A verbatim copy of all the data is required; the pictures should not appear in it.

▶ _Exercise data_
######
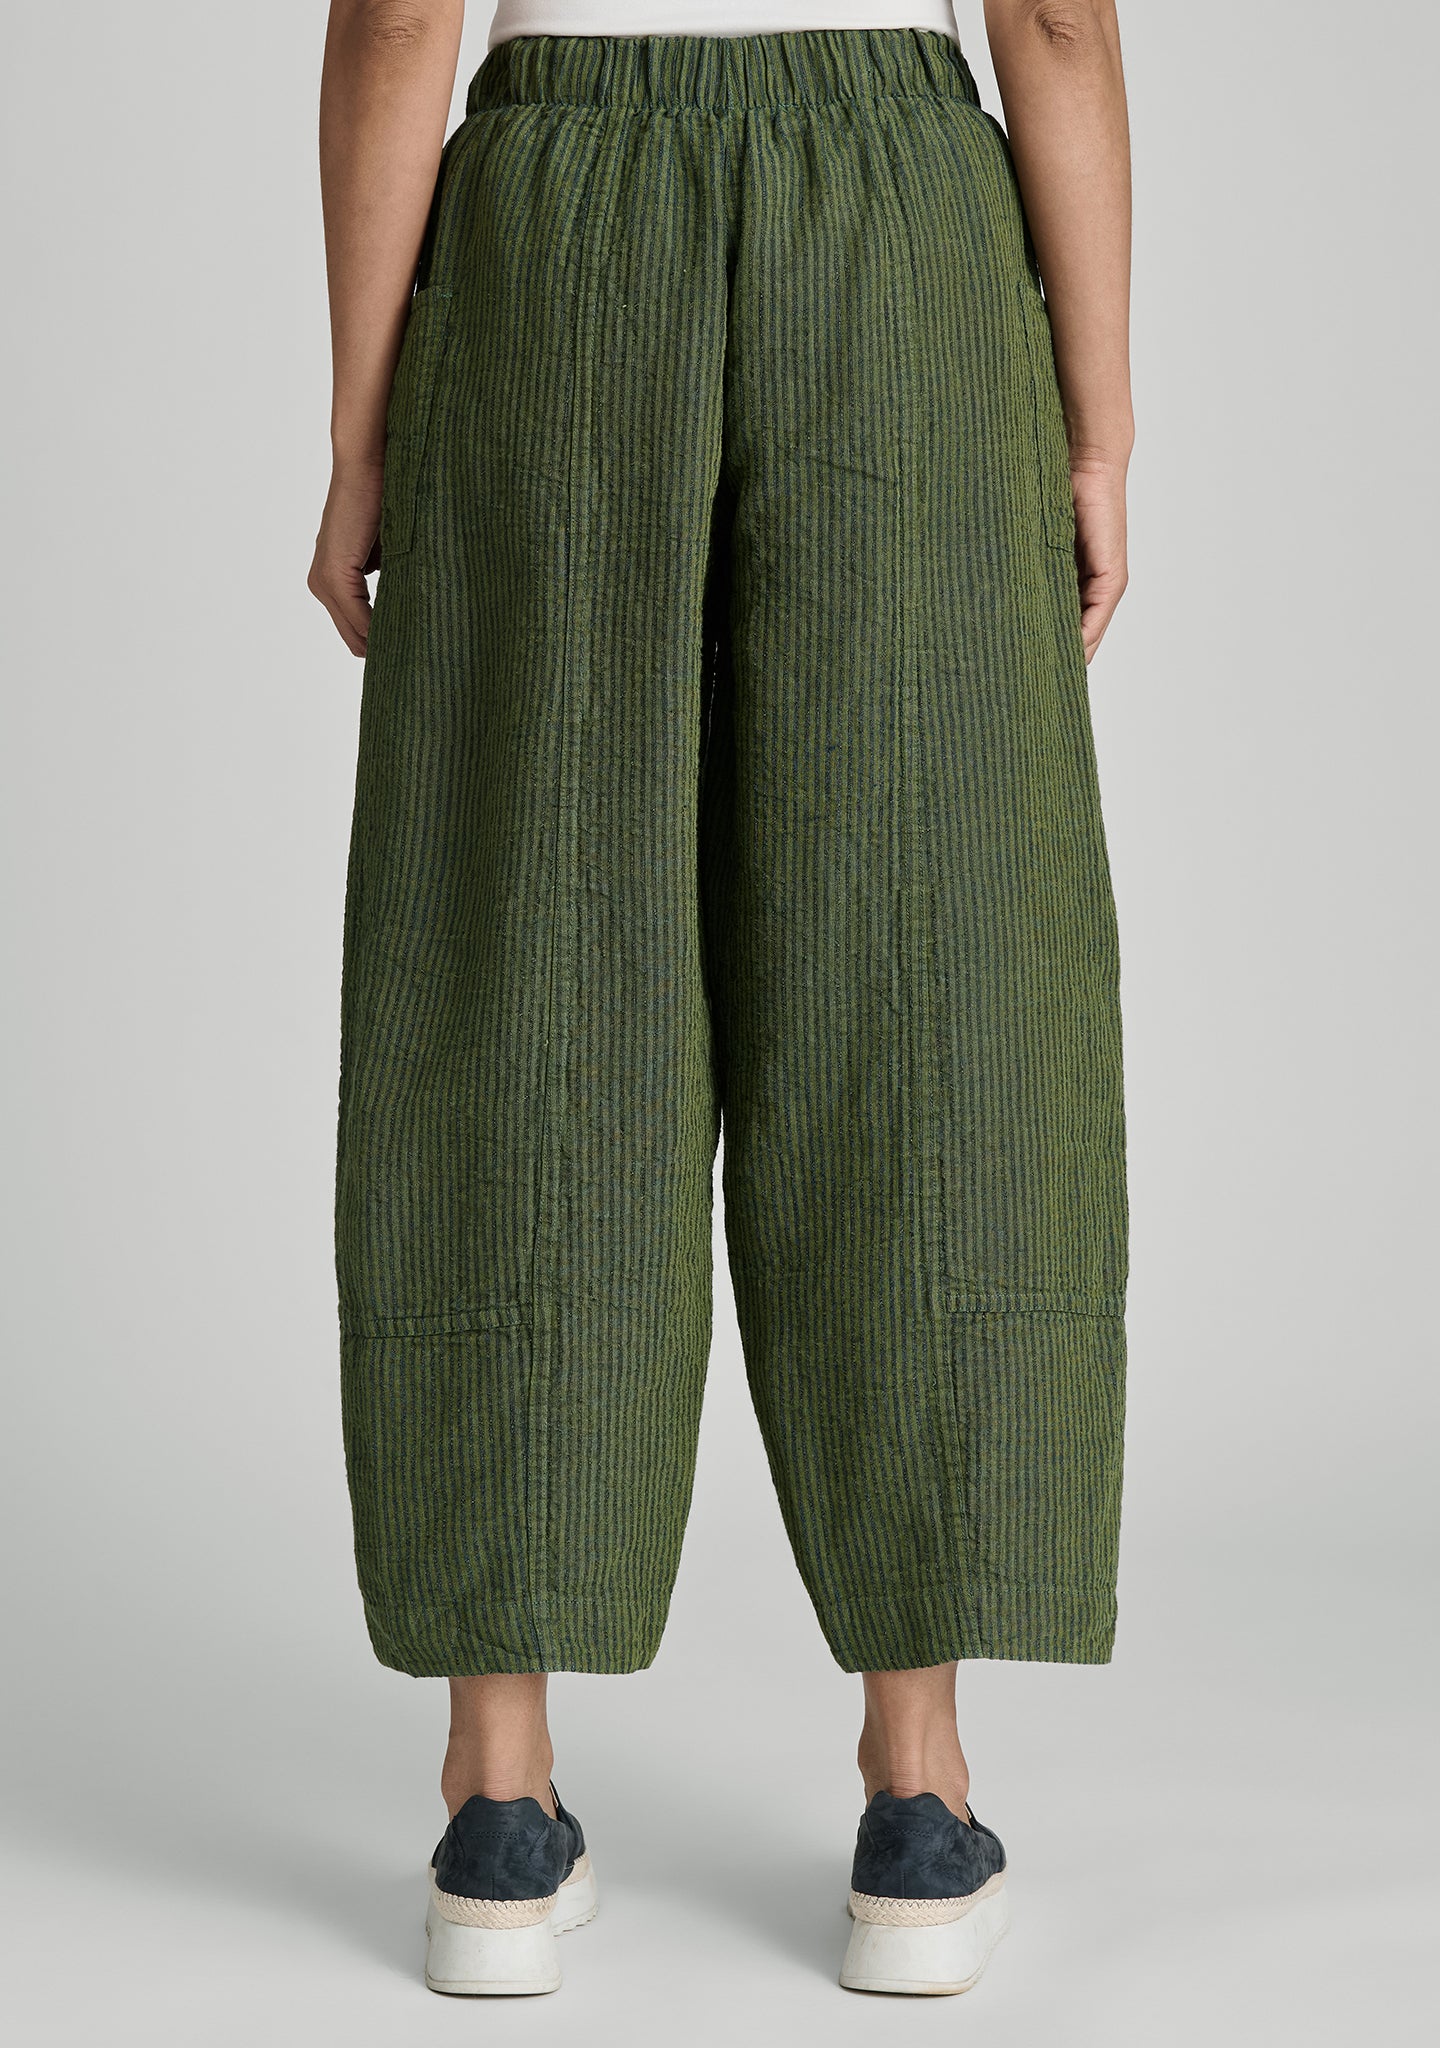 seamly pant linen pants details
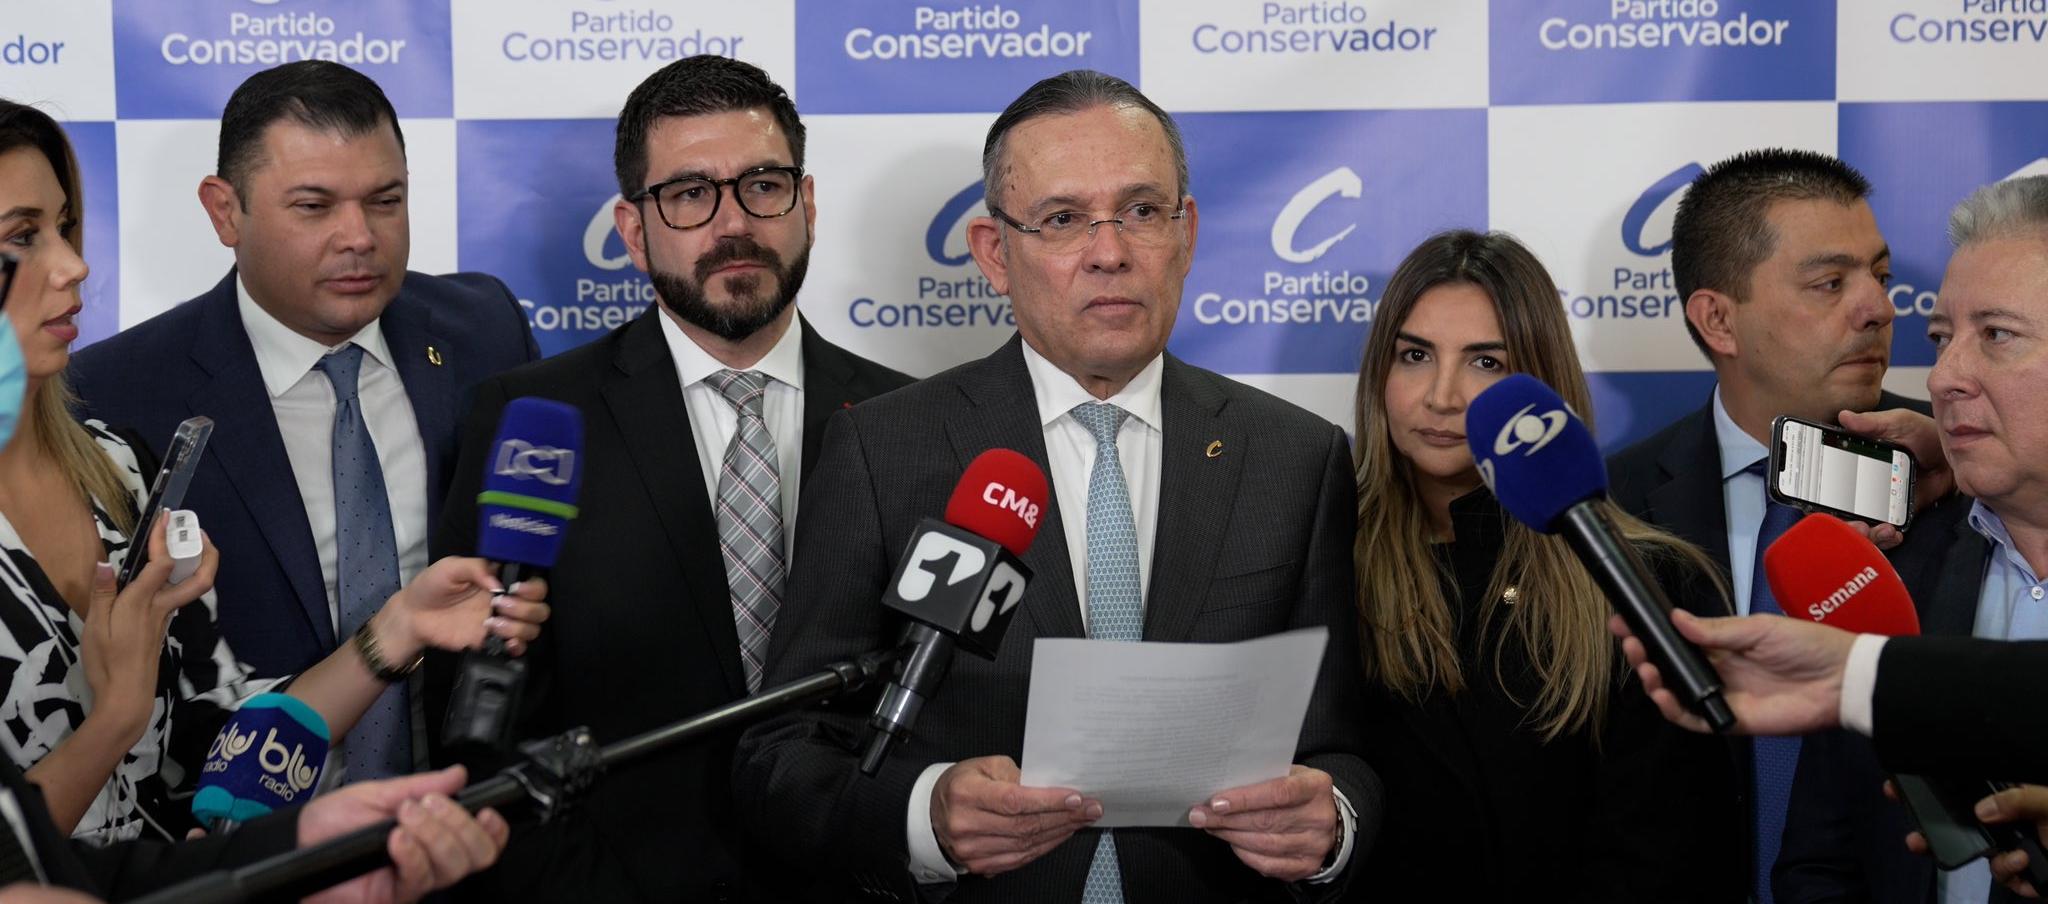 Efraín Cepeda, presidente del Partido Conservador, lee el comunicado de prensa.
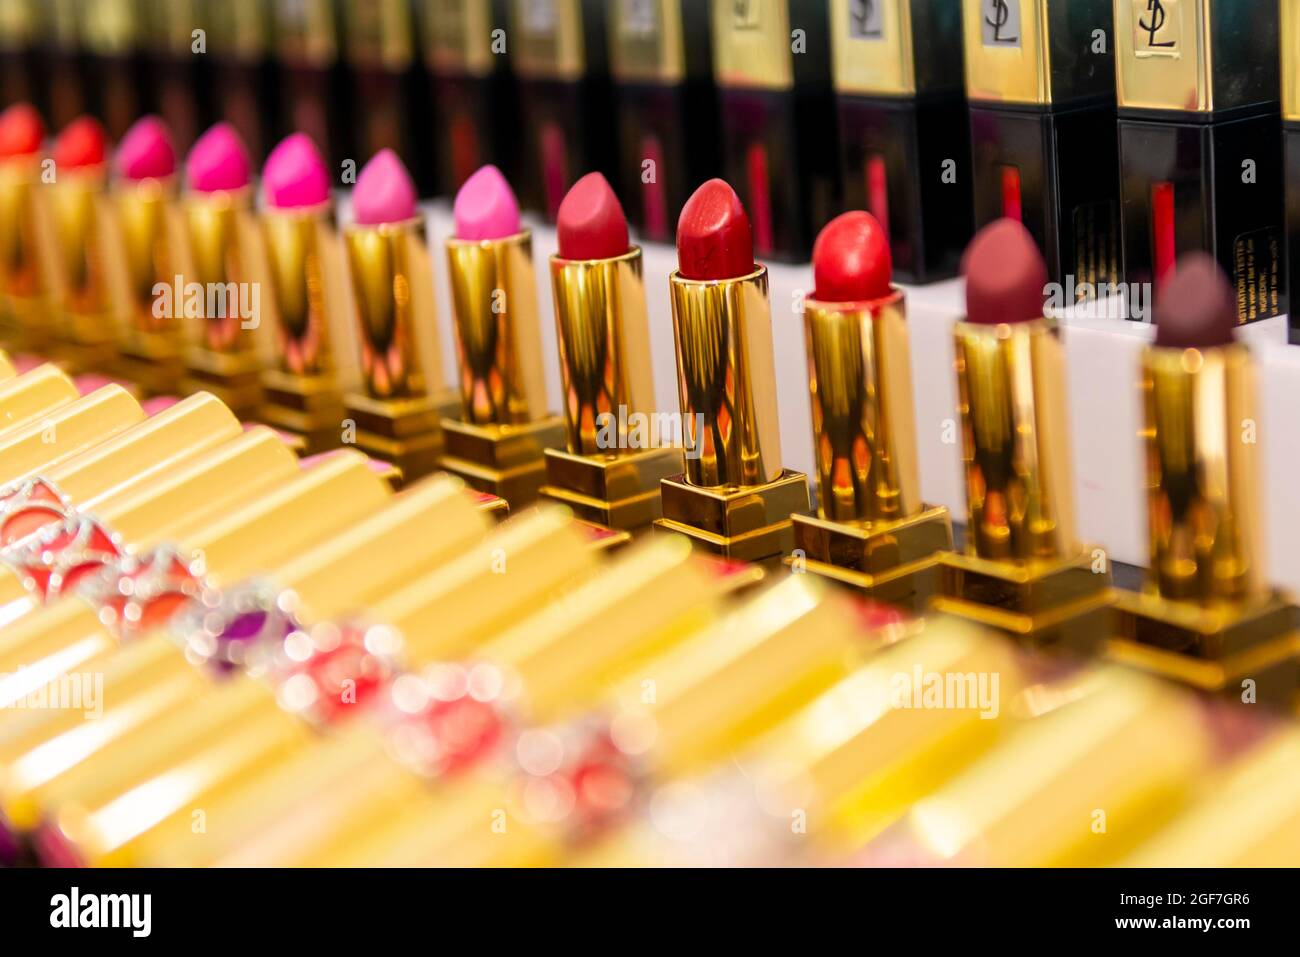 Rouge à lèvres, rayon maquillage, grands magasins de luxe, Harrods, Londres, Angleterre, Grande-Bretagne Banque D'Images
######
▶ _Answer section_
 seamly pant linen pants details
 Efraín Cepeda, presidente del Partido Conservador, lee el comunicado de prensa.
 Rouge à lèvres, rayon maquillage, grands magasins de luxe, Harrods, Londres, Angleterre, Grande-Bretagne Banque D'Images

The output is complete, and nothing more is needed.